Patients were treated initially with continuous-infusion vinblastine alone (1.2 mg/m2/day for 4 days or 1.5 mg/m2/day for
5 days); patients with stable or progressive disease were then treated with the same vinblastine regimen, combined with a
high-dose regimen of either cyclosporine A (12.5 mg/kg/day for 5 days) or tamoxifen (400 mg/m2 as a loading dose and 300 mg/m2/day
for 13 days). Sixty-three patients were randomized to each arm. Eighty patients on both arms were evaluable for response to
vinblastine alone; of these, only one patient achieved a partial response. Thirty-three patients went on to be treated with
vinblastine and high-dose cyclosporine A. No responses were observed, although four patients with progressive disease on prior
vinblastine achieved stabilization of disease after cyclosporine A was added. Addition of cyclosporine resulted in more leukopenia
(5% versus 25%) and in transient hyperbilirubinemia (24%) and neurocortical changes (11%). No significant azotemia was observed.

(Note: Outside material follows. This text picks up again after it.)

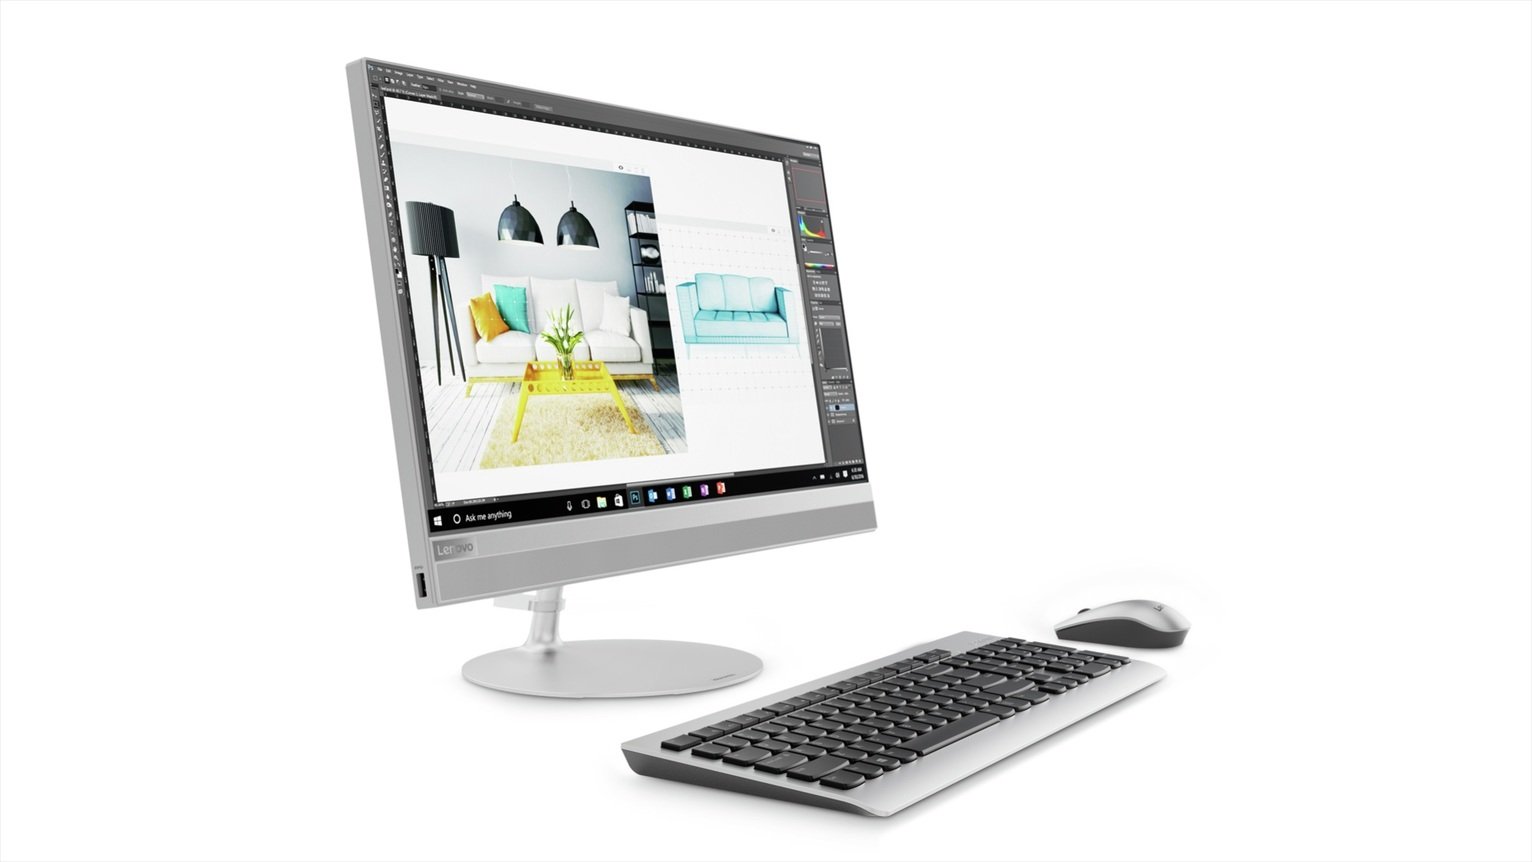 Lenovo IdeaCentre 520 22 Inch i3 8GB 1TB All-in-One PC review

Thirty-five patients received high-dose tamoxifen with continuous-infusion vinblastine. One complete remission was seen in
a patient who had stable disease only with prior vinblastine alone; no other responses were observed. Leukopenia was not more
severe with the addition of tamoxifen to vinblastine, nor was hyperbilirubinemia observed. However, 9% of patients developed
transient ataxia with or without neurocortical changes as a result of high-dose tamoxifen therapy, and 11% developed phlebitis.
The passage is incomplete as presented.